The decedent used a walker with four wheels, brakes, and an attached chair, commonly known as a rolling walker, or rollator. The chair is attached to the rollator so if the user gets tired, he can sit down and take a break. We showed that this type of rollator is not designed to be used as a wheelchair or to transport someone. The safety instructions for all rollators clearly indicate that no one should attempt to push the rollator while someone is sitting in the seat, and the various manufacturers warn that using the rollator as a wheelchair or to transport someone “may result in serious injury or death.”
We contended that the caregiver either knew or should have known these basic safety warnings and instructions. If she did and ignored them, she was guilty of gross negligence or intentional misconduct. If she didn’t know the danger of misusing the walker, she was negligent.
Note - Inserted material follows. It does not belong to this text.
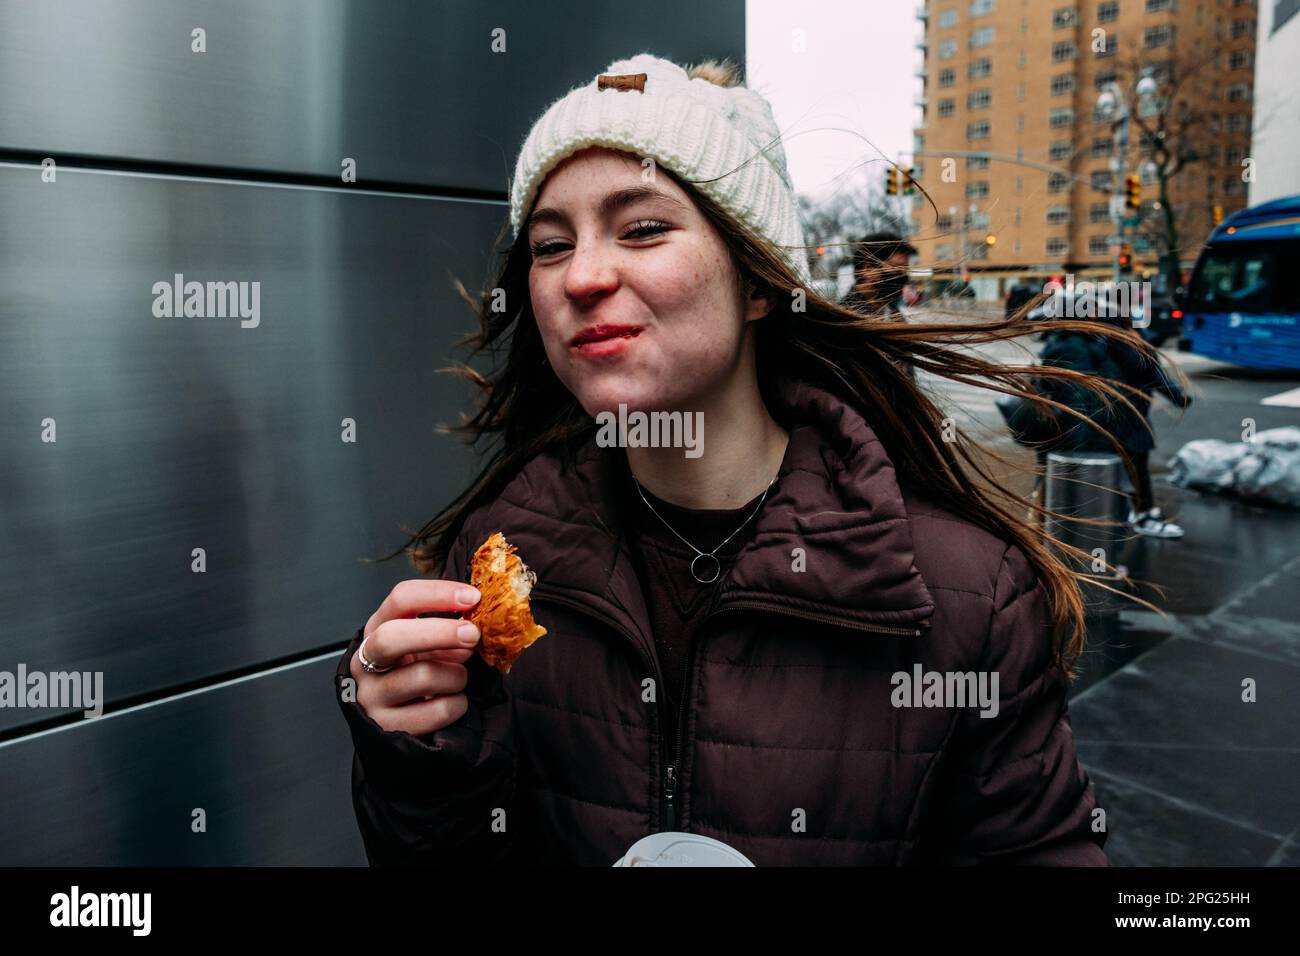 Ragazza teen che mangia il pane sull'angolo della strada Foto Stock

Either way, we argued, she and the agency that employed her were liable for the decedent's death.
In prosecuting the claim, we also developed evidence that the caregiver had not been properly screened or trained by the agency, despite a YouTube video we located in which the agency said it provided "the most highly trained and qualified caregivers in the industry." In another video we found, this one posted on a job website, the agency's owner stated that becoming a caregiver "doesn't require a significant amount of experience, training or education." The second video suggested that almost anyone could become a caregiver with no prior experience or training. With this evidence, we also asserted a claim against the agency for consumer fraud.
The wife died before the claim was settled. We settled the claim against the agency and caregiver on behalf of the adult children for $275,000.